Thanks Scotty for this writeup. I thought for a minute that things wouldn't work, but a third try proved fruitful.
Here's a few tips that I can add to things.
Things failed for me at the restore 2.2 part - HBOOT would not recognize the zip file as correct.
I am on a Win XP machine... Format the sd card to fat 32 using something other than Windows - I used a little program called "fat32format.exe". Windows seems to have a problem formatting sd cards correctly, so that could have been it.
Once I made sure the sd card was formatted, I put the 2.2 zip (PB31IMG) back on the sd card and started over using the zergRush method.
If you have tried this before, you will have to remove two directories from the /data/local/tmp directory. These are sh and boomsh.

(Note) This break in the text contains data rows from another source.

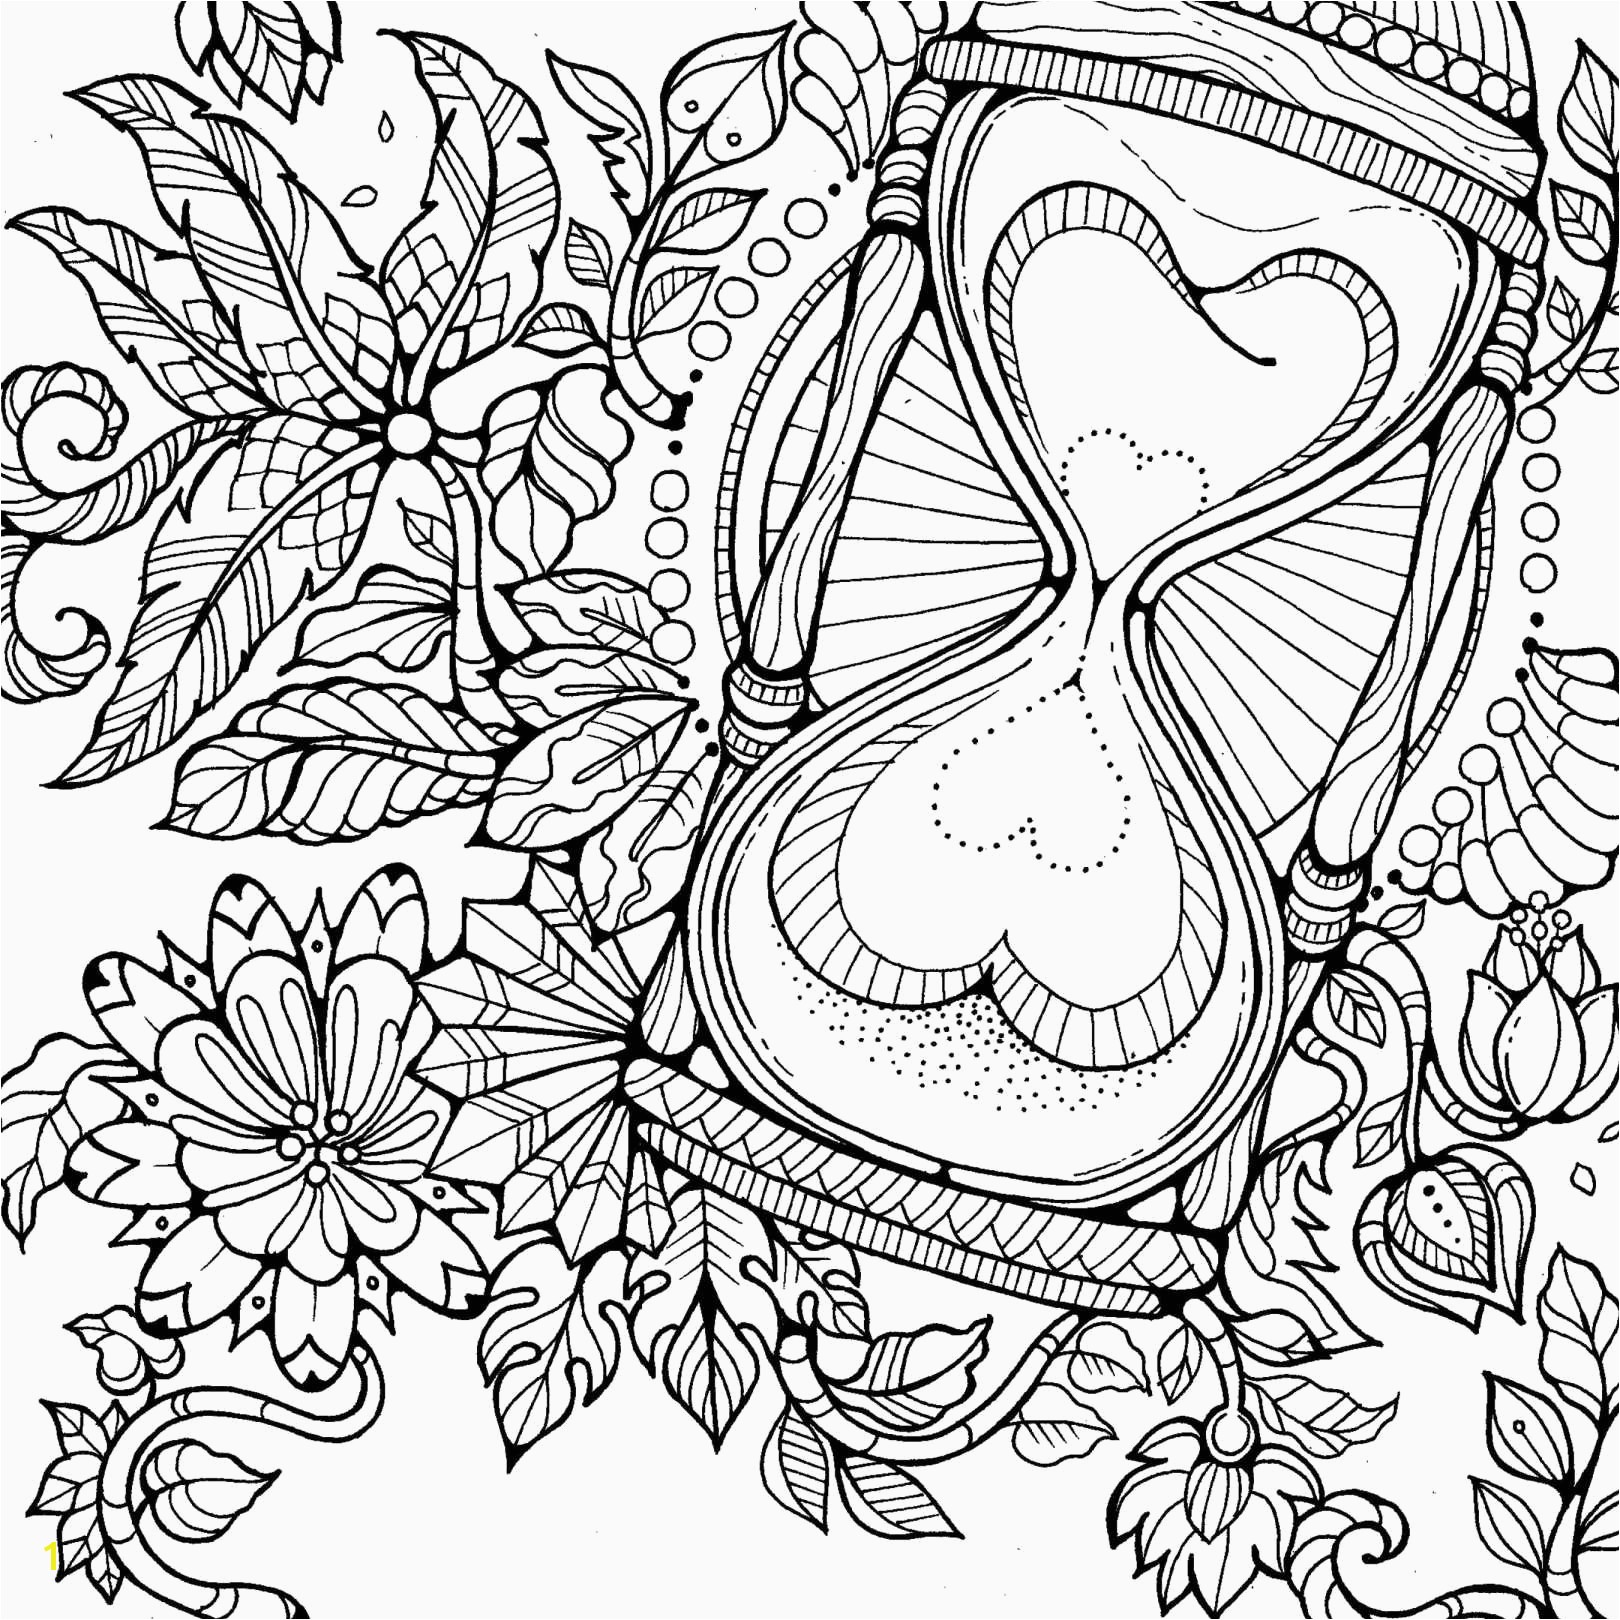 Coloring Pages Precious Moments Precious Moments Cowboy Coloring Pages Download
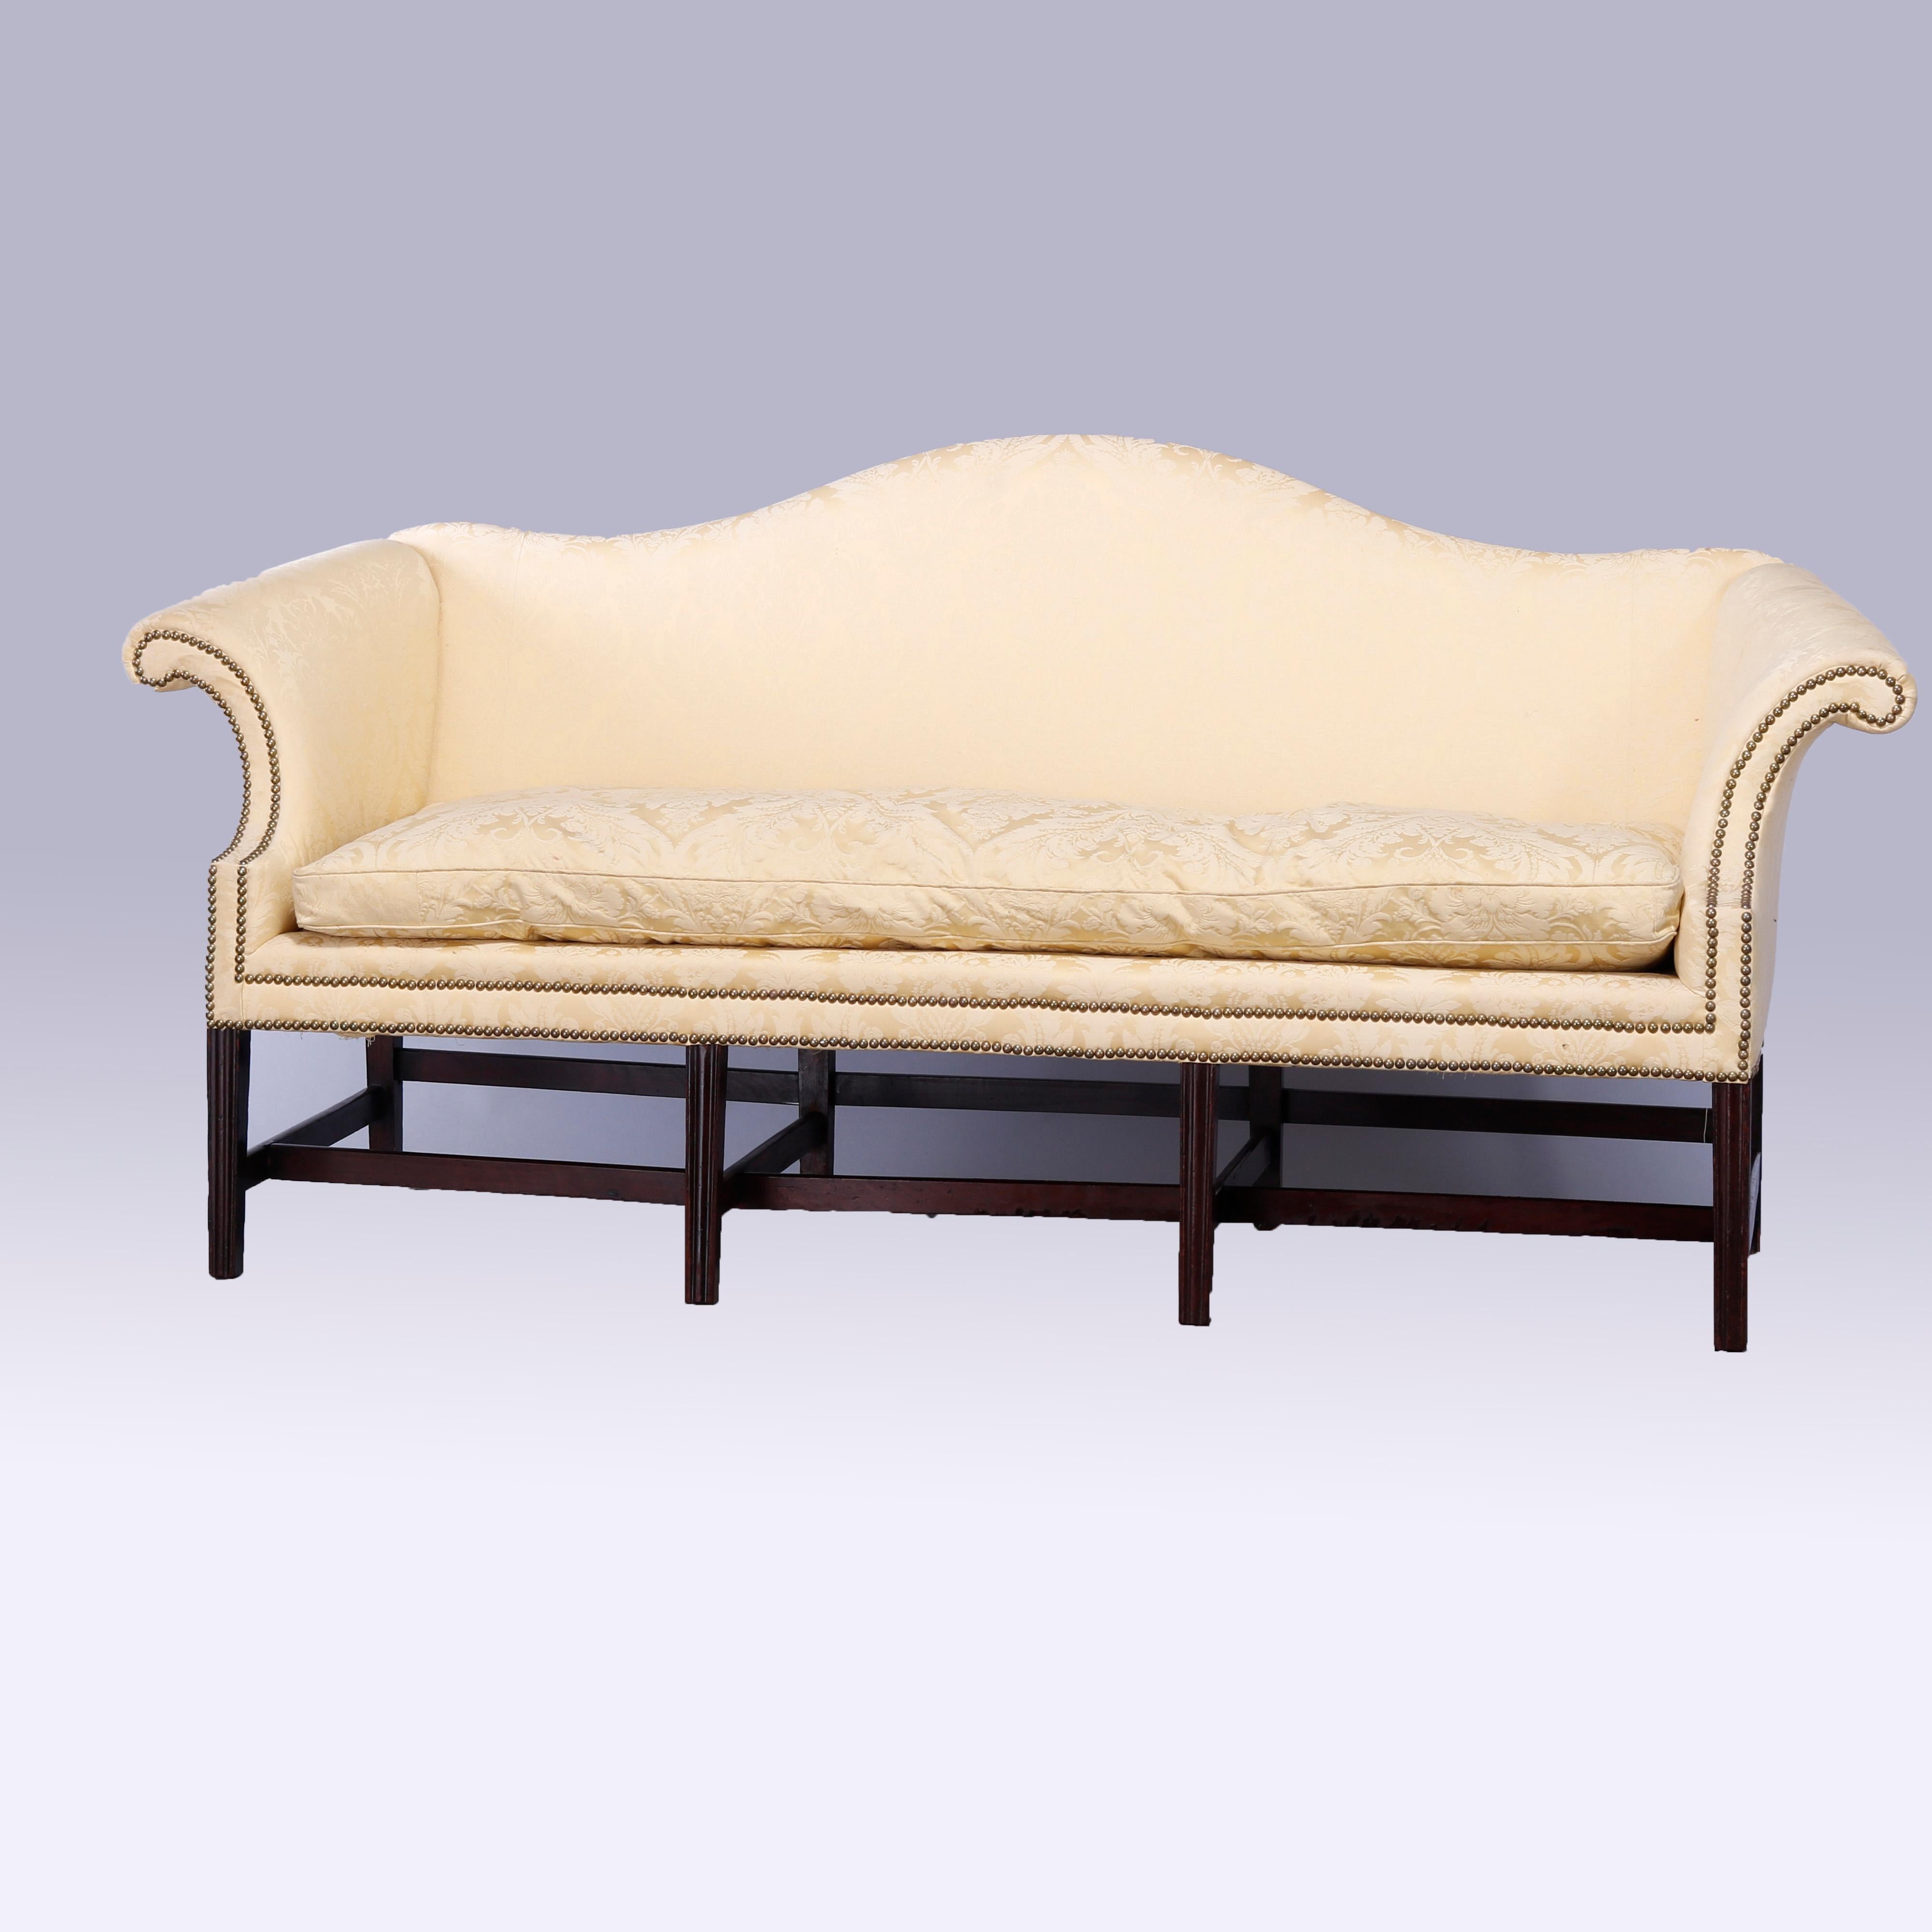 An antique Chippendale sofa offers upholstered camel back form with scroll arms and down cushion on walnut frame having eight square and straight legs, c1810

Measures - 38.75'' H x 81.5'' W x 31'' D; seat height 16
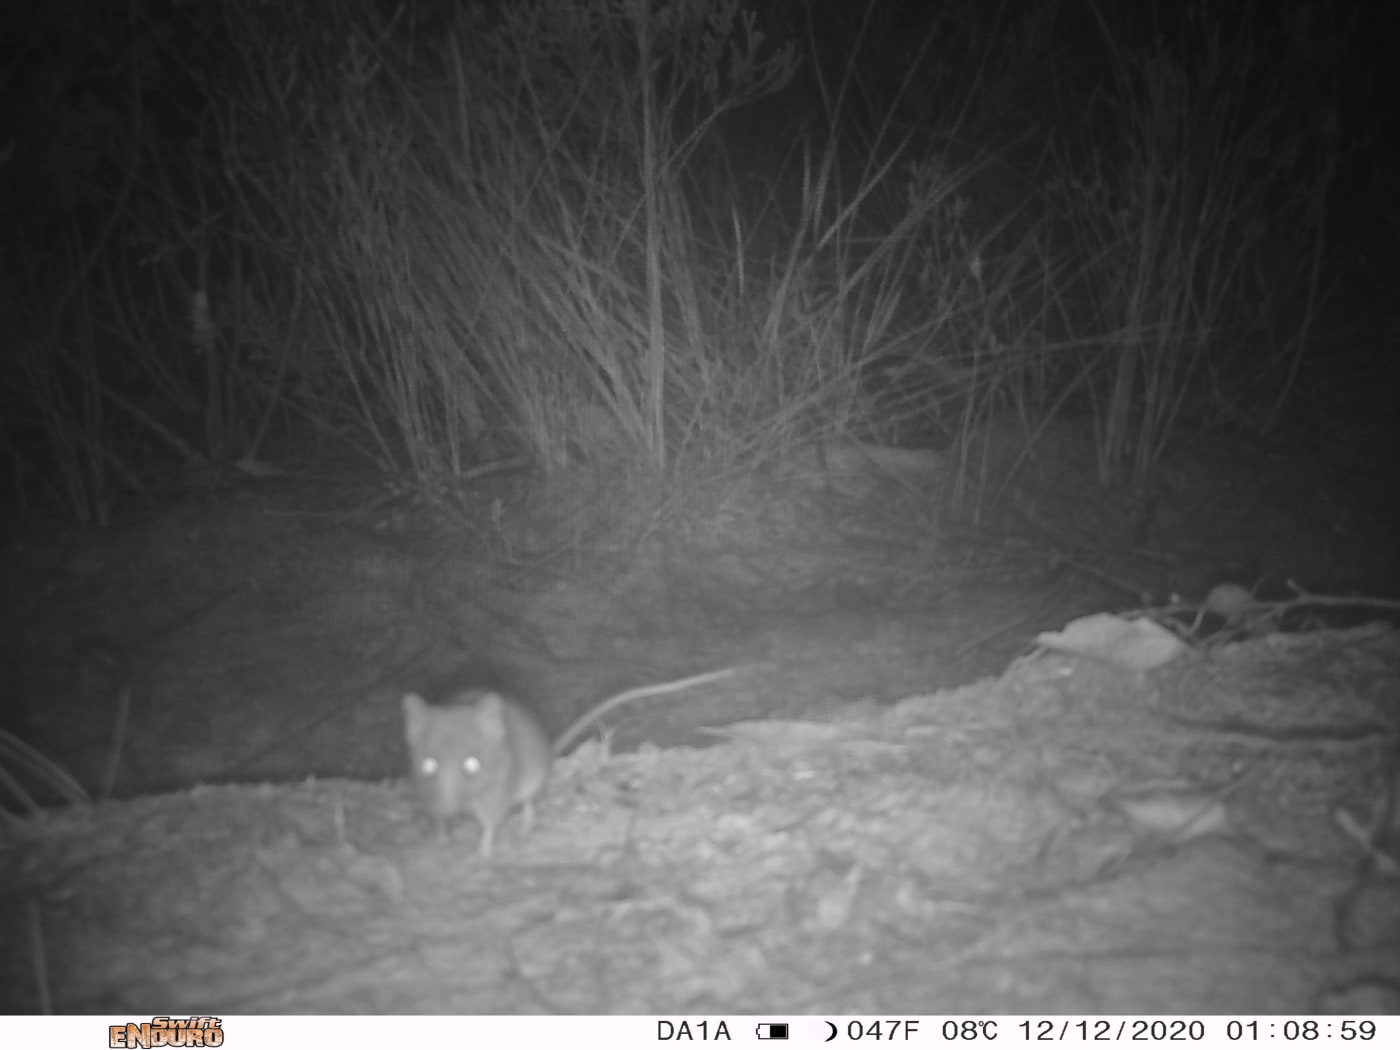 Kangaroo Island dunnart captured in a photo from a camera trap

Thanks to ieftm in this forum for this tidbit of info.
If your zergRush is giving you problems stating:
[-] Cannot copy boomsh.: Permission denied
Then use this method to fix as I stated in paragraph above: remove sh and boomsh
Once these directories were removed and the zergRush was completed, the downgrade commenced just as described.
Side note - Unrevoked 3.32 installed Unrevoked forever automatically onto my DInc, so there was no reason to do the additional forever installation. You may have the same results.
For anyone else that can't seem to get things working, the search is your friend. It took me a while of hacking away at things, but eventually they all turned up roses...
Good Luck!
problems install roms
I have a problen,I can't install a Rom error e: can't open/sdcard/primexl3d.zip, why?
saosinalm:
First off, that's the wrong name for the downgrade zip according to the instructions that scotty posted above. Make sure the file is titled correctly and follow his instructions from beginning to end. I believe when mine succeeded my file title was "PB31IMG.zip" but in his instructions he leaves off the ".zip" at the end.
If there is an error in the process, you will have to start over from about step 3. You can't just start back from where you left off if you reboot the phone. Make sure you check your MD5's once you download, then you won't have to go back over that step.
I found the zergRush method easier, but I am more comfortable with adb...
I would suggest re-reading the instructions and following closely - he walks you through things really well.
I have one question....
Why root a phone? I had my phone rooted and honestly it was a complete waste of time. NONE of the Roms I downloaded ever worked properly, the apps never worked, and it was nothing but trouble for me. My phone always "force close" my apps too. No offense to the developers I just didn't see a benefit.
Am I wrong?
epescina:
That's really best answered differently depending on the type of person you are. If you like to play around and experiment with things or like learning how things work, maybe this works for you. Some people do it to get a custom look that no one else has, some do it to try and get better performance out of their phone that may have been bloated with apps out of the factory, and others are learning about developing apps and programming with it. Every person is different. Maybe it's just not for you, but others on this board can't live without it. To each his (her) own...
saosinalm said:
I have a problen,I can't install a Rom error e: can't open/sdcard/primexl3d.zip, why?
Click to expand...
Click to collapse
what are you trying to do exactly? no part of this guide requires you to flash a rom. so if youre tryingto root,be more specific what youre having trouble with, and if this is just a general question about flashing roms,you might do some research and/or post a new thread where more people will see it
epescina said:
I have one question....
Why root a phone? I had my phone rooted and honestly it was a complete waste of time. NONE of the Roms I downloaded ever worked properly, the apps never worked, and it was nothing but trouble for me. My phone always "force close" my apps too. No offense to the developers I just didn't see a benefit.
Am I wrong?
Click to expand...
Click to collapse
i personally have the opposite experience. while there are a couple minor issues with the rom that i run,i feel my phone is faster and more pleasureable after root. i love htc phones,but hate htc sense,so i root mainly root so i can run AOSP based firmware.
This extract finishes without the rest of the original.